- Вот здесь был лагерь смерти!
   Он стоял, опаленный боем, окрыленный победой, и глядел на этот пустырь. Еще болталась ржавая колючая проволока... Снег лежал на ней... Он глядел на нее и чуял, как снова закипает в нем жажда мести. Ее ничем не утолить. Под напором советских войск один за другим освобождались города, но Андрею всего было мало. Со смертной тоской ждут, может, об Андрее и не думают, - отец проклял, жена не простила. Ждут штыка русского. Но вот штык в Андреевых руках. Ждут его или не ждут - это он несет им свободу. Это он через дым и кровь рвется домой.
   Может, живой и не дойдет. Он не боялся смерти. Он не отлеживался от нее. Командиру отделения, сержанту Власову, он сказал в первый же день:
   - Если убьют, сообщите родным. Адресок - вот он!
   Но он знал: теперь и мертвый он пойдет домой.
   Ему повезло. Он дошел живой. Ранним утром - еще темно было и город утонул в сером мраке - ворвался он одним из первых в город. На знакомых, родных улицах докалывал он последних фашистов.
   Ему разрешили забежать домой. Он не постучал в окошко, вошел стремительно, рванул дверь.
   - Андрей! - закричала Антонина и бросилась к нему.
   Он осторожно обнял ее. Он боялся быть нежным. Пламя боя горело на его черных щеках.
   - Папка пришел! - радостно завопила Марийка. - Папка наш совсем пришел!
   - Не совсем, дочка! - ответил он. - Мне еще далеко идти.
   Он обвел семью жадным, нетерпеливым взором, но отца не нашел.
   - Где отец? - хрипло спросил он.
   - Он у себя лежит. Раненый, - торопливо ответила Антонина.
   Андрей вошел к отцу.
   Тарас лежал в постели и на Андрея взглянул, как тому показалось, насмешливо.
   - А-а, Андрей! - усмехаясь, протянул старик.
   Андрей со злостью сорвал что-то с груди и, зажав в кулаке, сказал отцу:
   - Здравствуйте, тату! И прощайте! А это, - он швырнул что-то на стол; тускло звякнуло оно, как полтинник, - жив ли буду, или погибну - берегите! и выбежал прочь.
   Тарас слабым голосом позвал жену.
   - Покажи, что он там кинул!
   Бабка Евфросинья подала ему медаль.
   - "За отвагу", - прочел Тарас и опять усмехнулся. - Убежал? Гордый черт, моей крови!

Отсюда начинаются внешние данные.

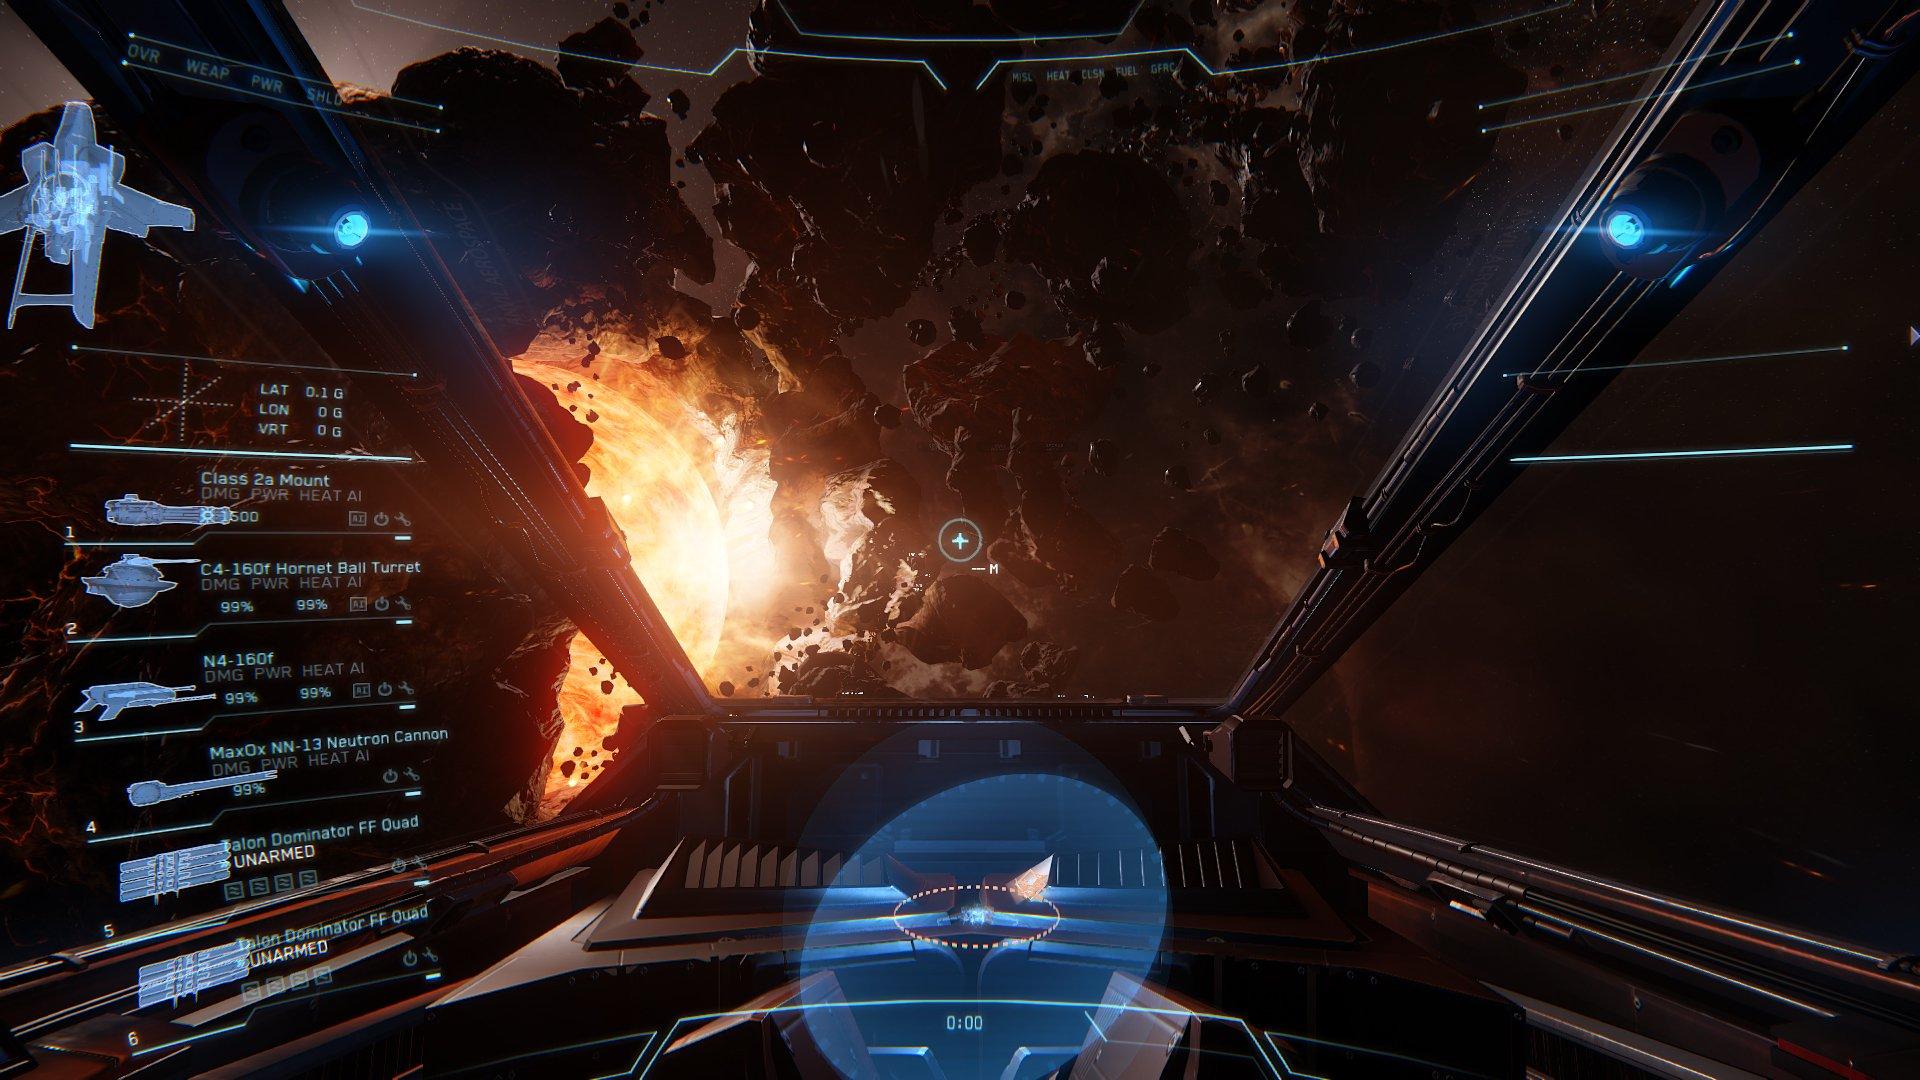 elite dangerous cockpit hd wallpaper - photo #38

   Вбежал Ленька, как всегда запыхавшийся, как всегда - с новостью.
   - Дедушка! - закричал он. - Наши идут и идут!.. Полный город войск! И танки!
   - Эх! - слабым голосом произнес Тарас. - Вот беда, не могу я встать! Раненый... А то вывел бы я все свое семейство перед бойцами и самому старшему командиру сказал бы: "Могу тебе, командир, прямо в глаза смотреть и всем твоим воинам. У моей фамилии душа перед родиной чистая..."
   - А Насти нет! - прошептала бабка Евфросинья. - И от Никифора сколько месяцев вестей не было.
   Никифор, младший сын Тараса, еще осенью был ранен под Сталинградом. Его увезли в госпиталь, за Волгу. Врач, оперировавший его, сказал:
   - Жить вы будете, а воевать уж нет - не придется.
   Никифор заскучал и спросил врача:
   - А что ж я теперь делать буду?
   - Что до войны делали?
   - Рабочий я. Металлист. Монтажник, - ответил Никифор. - Домны я строил, например...
   - Ну, и очень хорошо! - обрадовался врач. - Будете домны строить!
   Рядом с Никифором в палате лежало много бойцов. Соседом по койке был примечательный человек, сержант Алексей Куликов, родом пензенский.
   - Я, брат, - сказал он Никифору, - в среднем ремонте не первый раз. Починят - и опять пойду. На мне рана заживает быстро.
   И действительно, поразительно быстро заживали его раны, даже врачи удивлялись. А Куликов усмехался:
   - У нас, у Куликовых, шкура крепкая, к лечению способная. Деды без дохтуров жили, сами раны заживляли. А у меня какие раны? Так, ранения!..
   Никифору все было неловко, что с ним здесь так нянчатся. Соскребли с него окопную грязь, отмыли, отбелили и положили в чистые простыни, тихого и просветленного. Никогда и никто так не заботился о его теле. Это тело любила мать и, бывало, ласкали бабы, и сам он двадцать семь лет таскал его по грешной земле; нынче, дырявое, все побитое осколками, оно досталось чужим людям - врачам да сестрам. И вот, гляди-тко, они ухаживают за ним так, точно он драгоценный сосуд. Даже совестно.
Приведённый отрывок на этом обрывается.